DO UTERINE POLYPS NEED TO BE REMOVED?

The decision to remove a uterine polyp depends on several factors. If you are premenopausal and not experiencing any symptoms, the polyp is generally considered low risk and may not require removal. However, if you are postmenopausal or experiencing symptoms such as abnormal bleeding, your healthcare provider may recommend removing the polyp. Additionally, polyps may be removed if they are likely to cause complications during pregnancy or could potentially affect fertility.

UTERINE POLYPS VS. FIBROIDS

Polyps and fibroids are related but distinct conditions. Fibroids are tumors that develop from the muscular tissue of the uterine wall, while polyps arise from the lining of the uterus. Both can lead to heavy bleeding, but fibroids may also cause additional symptoms such as pelvic pain, constipation, and urinary difficulties. Diagnostic tests can identify both conditions, allowing your doctor to determine which one you have and to suggest the most appropriate treatment.

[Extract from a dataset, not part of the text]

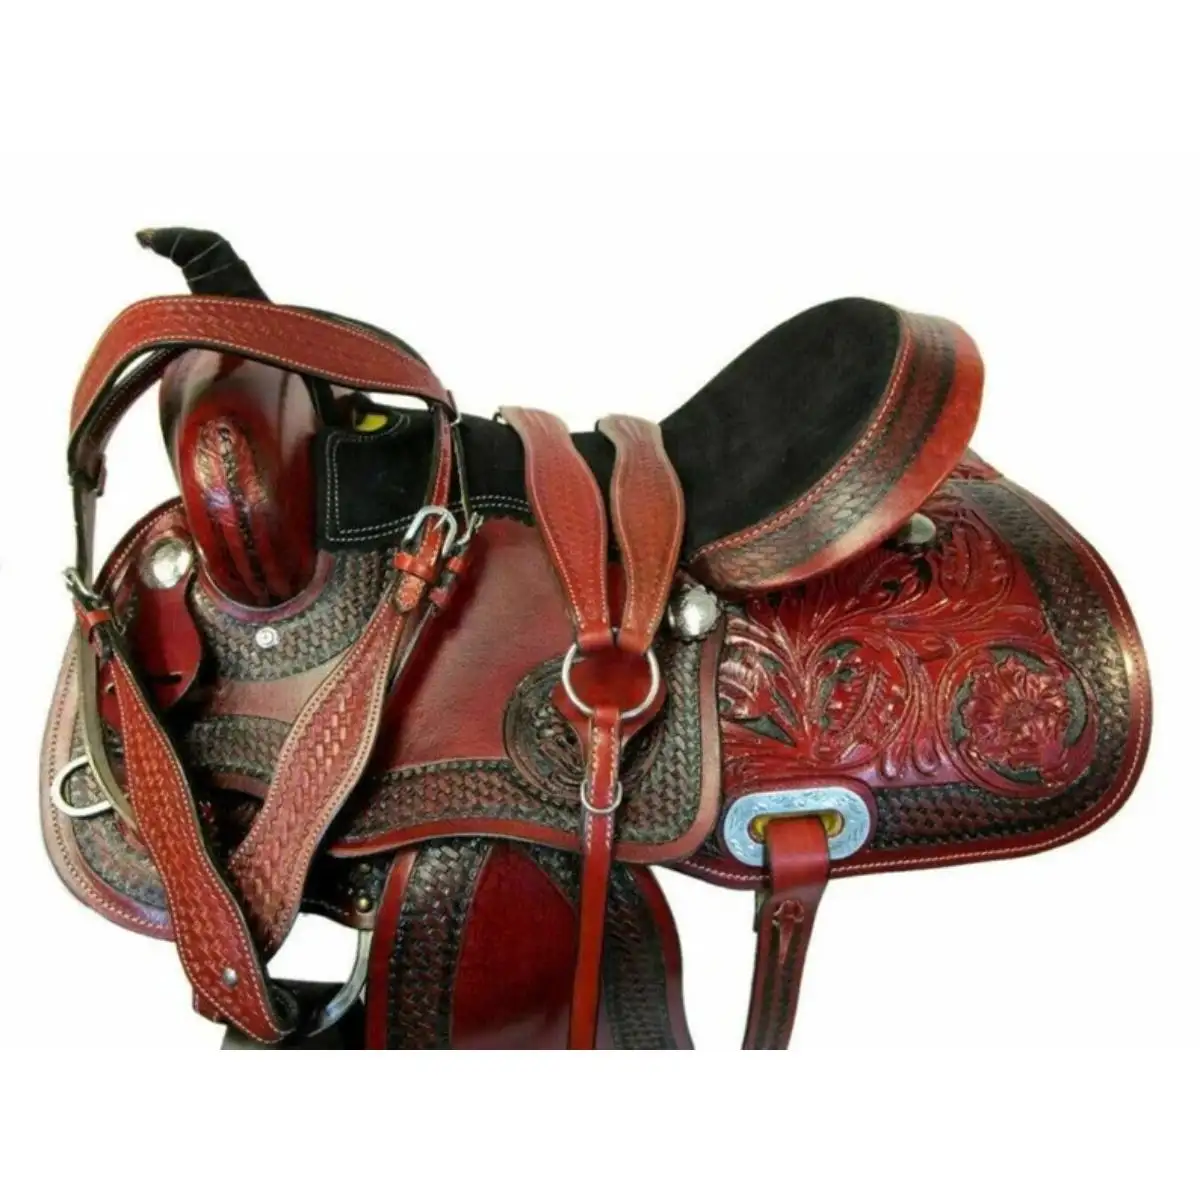 New Leather Barrel Racing Pleasure Trail Leather Western Horse Saddle Equestrian with Tack Set Size from Indian Exporter
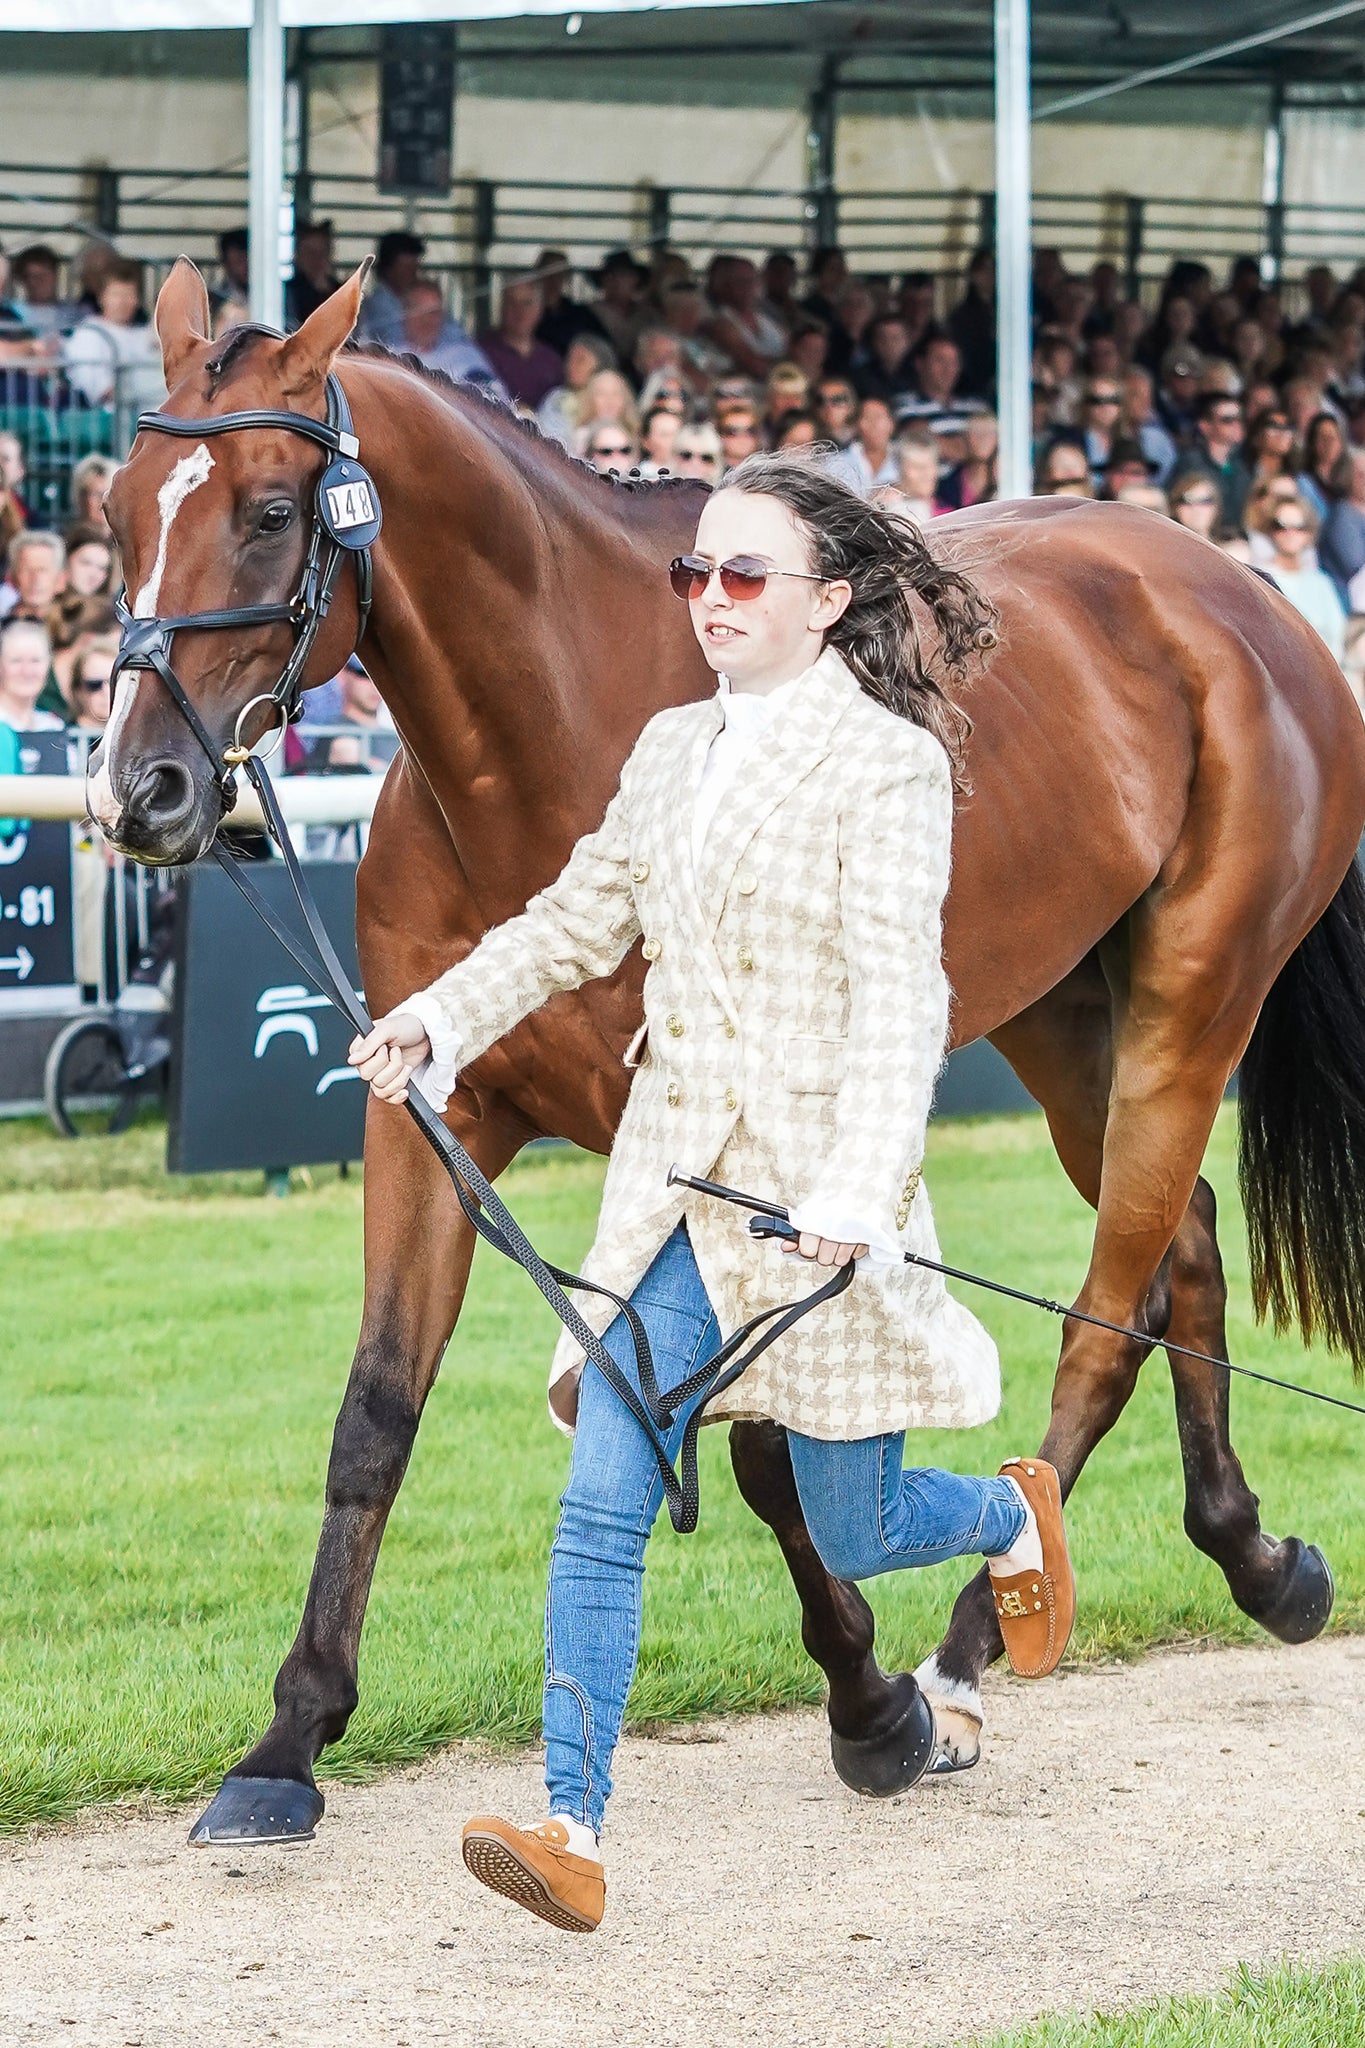 Emma Thomas' Trot Up Look One

Uterine Polyps vs. fibroids

 

CONCLUSION

Uterine polyps are a common and treatable condition. By understanding the causes, symptoms, diagnosis, treatment, and complications associated with uterine polyps, women can take control of their reproductive health. Early diagnosis and treatment are essential to prevent complications and improve quality of life. Let us work together to raise awareness and promote education about uterine polyps, ensuring that women receive the care they deserve.